The task — Look for the line containing "Une femme tape" and the line containing "グレー mack barry" in the entries below. Copy those two and all lines between them exactly, leaving out pictures.

Exercise materials —
::::
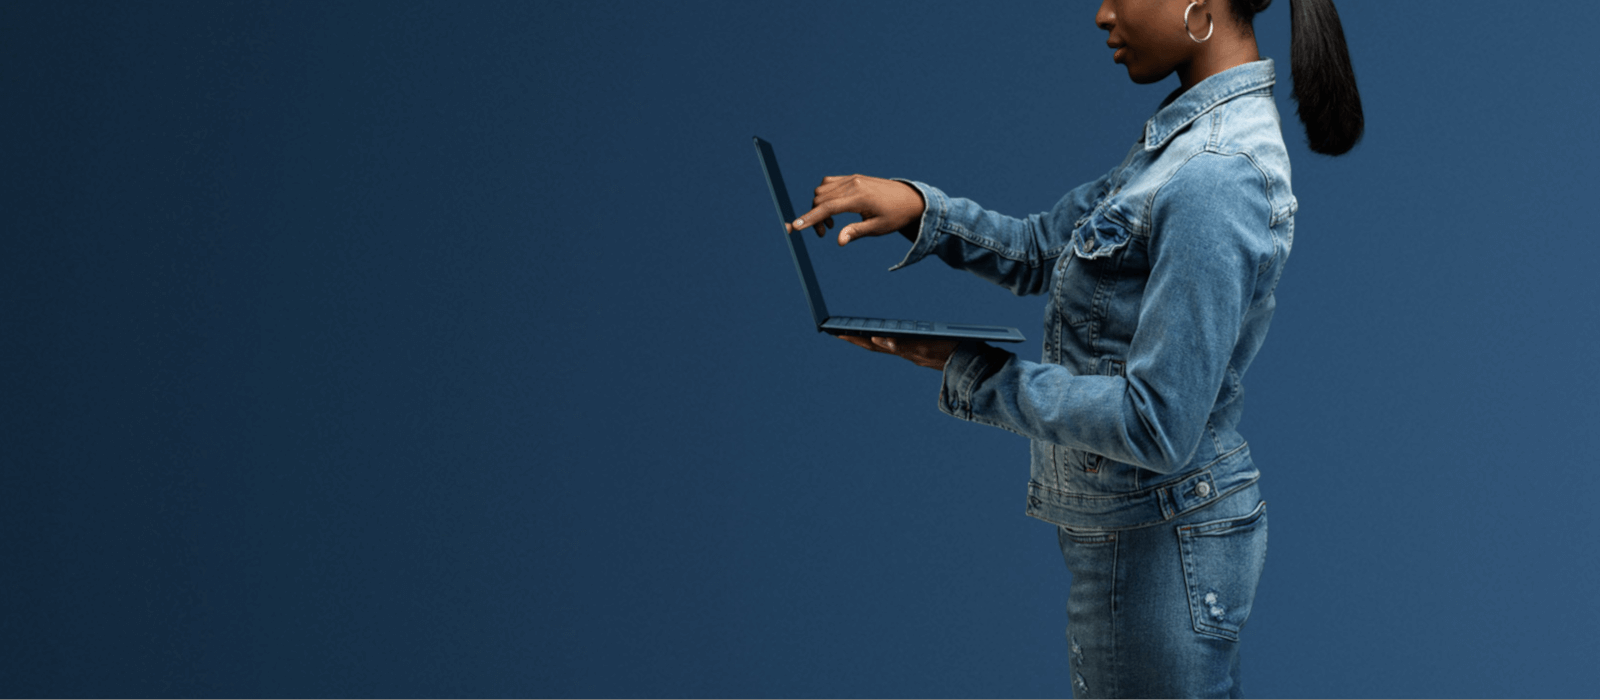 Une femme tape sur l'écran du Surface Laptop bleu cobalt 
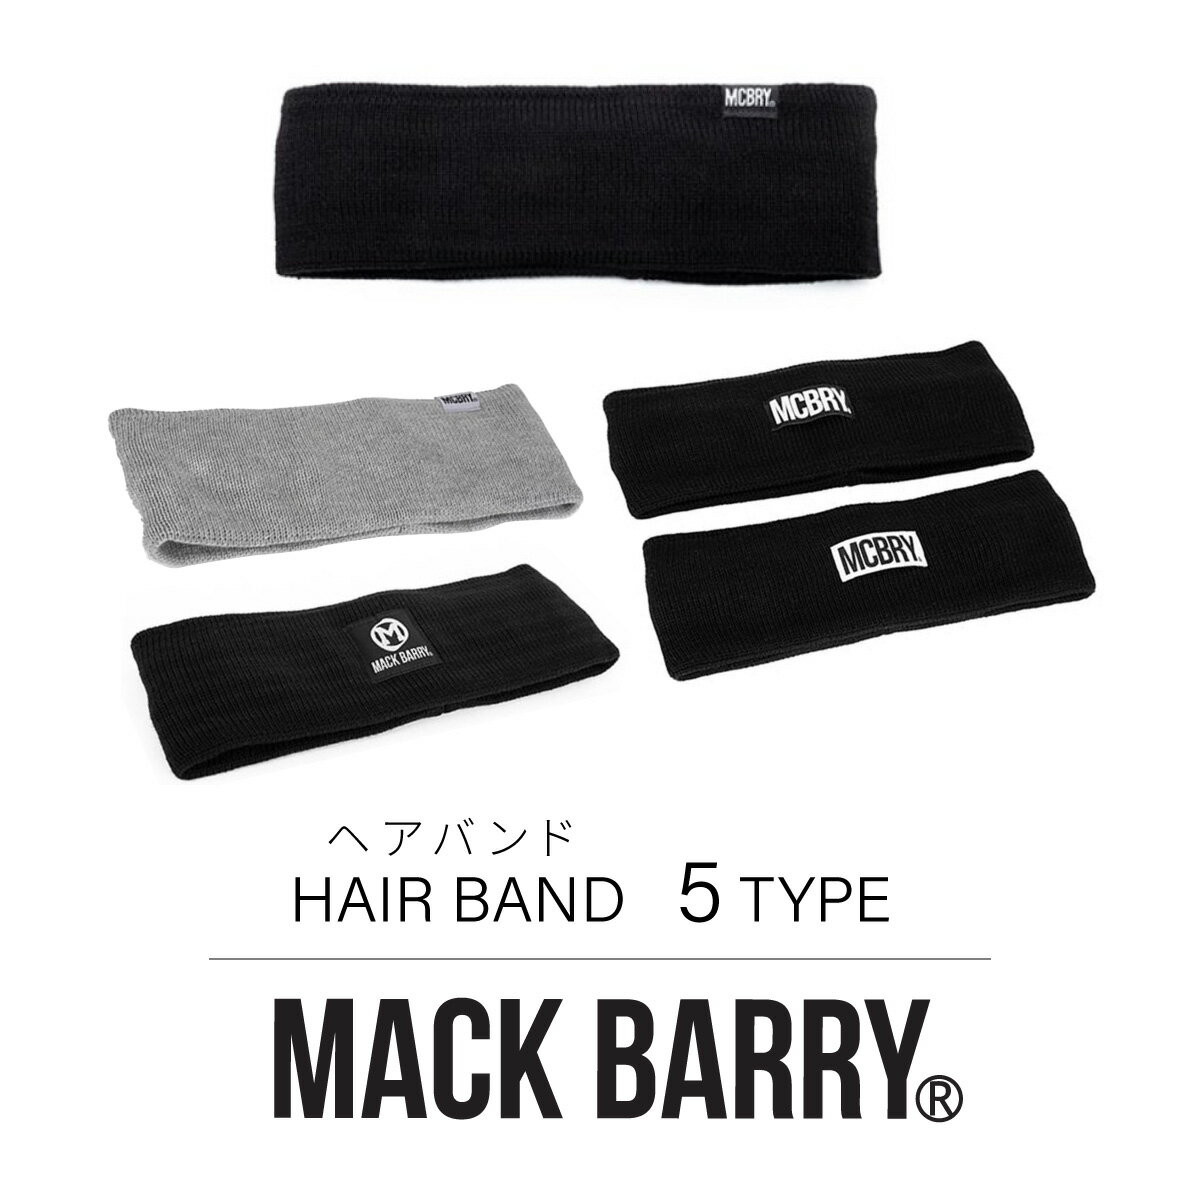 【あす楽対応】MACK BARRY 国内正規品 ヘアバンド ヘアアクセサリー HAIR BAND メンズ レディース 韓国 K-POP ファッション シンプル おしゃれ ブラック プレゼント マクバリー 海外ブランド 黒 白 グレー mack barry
::::
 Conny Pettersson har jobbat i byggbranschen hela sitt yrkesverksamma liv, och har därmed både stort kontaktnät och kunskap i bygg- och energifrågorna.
::::
Answer box —
 Une femme tape sur l'écran du Surface Laptop bleu cobalt 
 【あす楽対応】MACK BARRY 国内正規品 ヘアバンド ヘアアクセサリー HAIR BAND メンズ レディース 韓国 K-POP ファッション シンプル おしゃれ ブラック プレゼント マクバリー 海外ブランド 黒 白 グレー mack barry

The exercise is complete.